Die Wissenschaftler identifizierten Wachstumshormon und Prolaktin als entscheidende Faktoren für dieses Migrationsverhalten. Beide Hormone zeigten schlafabhängige Konzentrationsänderungen im Plasma, mit höheren Werten bei den Teilnehmern, die nachts geschlafen hatten. „Unsere Ergebnisse haben auch potenzielle klinische Implikationen“, sagt Besedovsky. “ So könnten Wachstumshormon und Prolaktin als neue Adjuvanzien zur Förderung der Immunantwort nach einer Impfung in Betracht gezogen werden, insbesondere bei älteren Menschen, die typischerweise während des Schlafs einen reduzierten Spiegel dieser Hormone aufweisen. Insgesamt sehen die Autoren die Studie als einen wichtigen Schritt zum besseren Verständnis, warum Schlaf die Immunantwort – beispielsweise nach einer Impfung – unterstützt und warum Impfstoffe bei älteren Menschen oft weniger wirksam sind.
Das Immunsystem zum günstigen Zeitpunkt stimulieren
Durch die Entschlüsselung der Zellmigrationsmechanismen, die der Immunantwort zugrunde liegen, haben Wissenschaftler der Universität Genf (UNIGE) in der Schweiz und der Ludwig-Maximilians-Universität (LMU) in Deutschland gezeigt, dass die Aktivierung des Immunsystems je nach Tageszeit moduliert wird. Tatsächlich schwankt die Migration von Immunzellen von der Haut zu den Lymphknoten über einen Zeitraum von 24 Stunden. Die Immunfunktion ist in der Ruhephase am höchsten, kurz bevor die Aktivität wieder aufgenommen wird – bei Mäusen, die nachtaktive Tiere sind, am Nachmittag und beim Menschen am frühen Morgen. Diese Ergebnisse, die in der Fachzeitschrift Nature Immunology nachzulesen sind, legen nahe, dass die Tageszeit möglicherweise bei der Verabreichung von Impfstoffen oder Immuntherapien gegen Krebs berücksichtigt werden sollte, um deren Wirksamkeit zu erhöhen.

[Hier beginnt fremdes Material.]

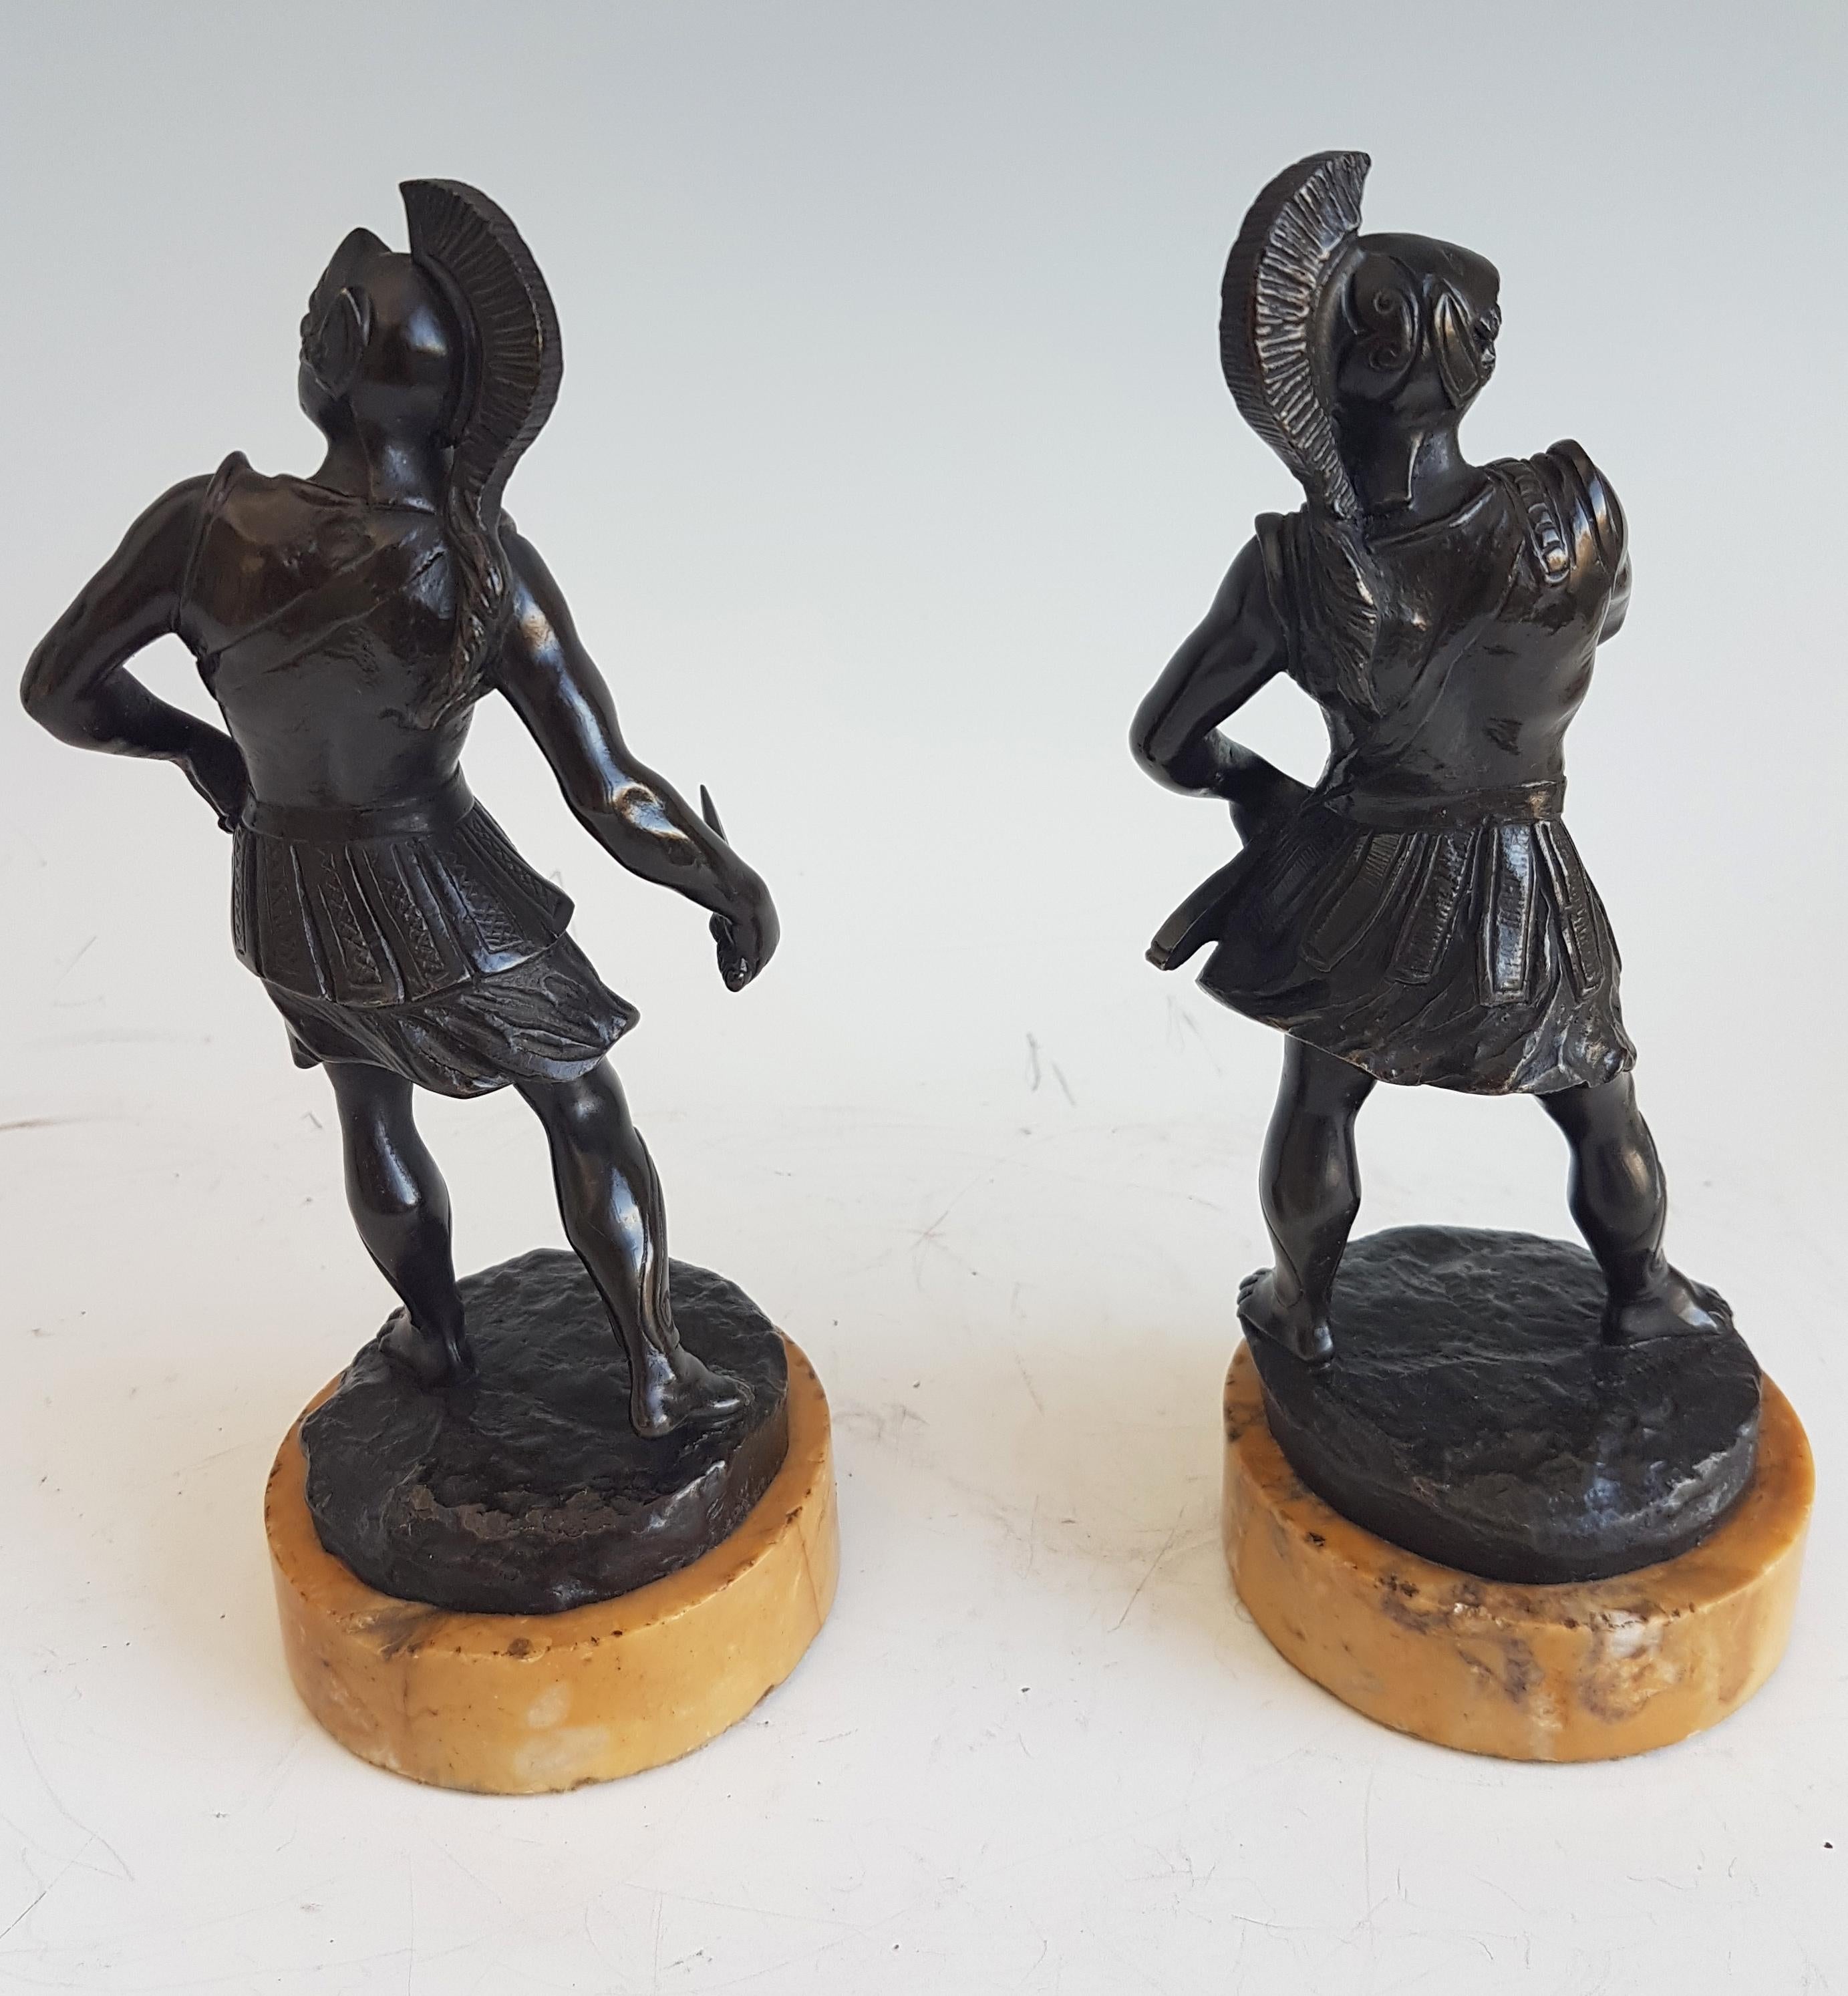 A fine pair of Italian grand tour patinated bronze gladiators. One with his dagger drawn, the other about to draw his. Both in plumed helmets. Superb original patination and detail. Set on fine sienna marble bases.

Zusätzliche Daten deuten auch darauf hin, dass bei Stimulation des Immunsystems zu verschiedenen Tageszeiten die gleichen Schwankungen auftreten, mit einem Höhepunkt am Morgen. Aber warum wird das Immunsystem von einem oszillierenden Rhythmus gesteuert? Circadiane Rhythmen fungieren als Energiesparsystem, um die Energieressourcen entsprechend den unmittelbarsten Bedürfnissen optimal zu nutzen. Könnte dies eine Möglichkeit für das Immunsystem sein, in Zeiten, in denen das Risiko einer Exposition gegenüber Krankheitserregern durch die Nahrungsaufnahme und/oder soziale Interaktionen am größten ist, in Alarmbereitschaft zu sein? Könnten wir ebenfalls abends und nachts anfälliger für Krankheitserreger sein? Das lässt sich derzeit noch nicht sagen. Nichtsdestotrotz wird die Bedeutung des zirkadianen Rhythmus für das Immunsystem gerade erst entdeckt und könnte sowohl für die präventive Impfung als auch für die Verabreichung von Antitumortherapien oder die Behandlung von Autoimmunerkrankungen von großer Bedeutung sein.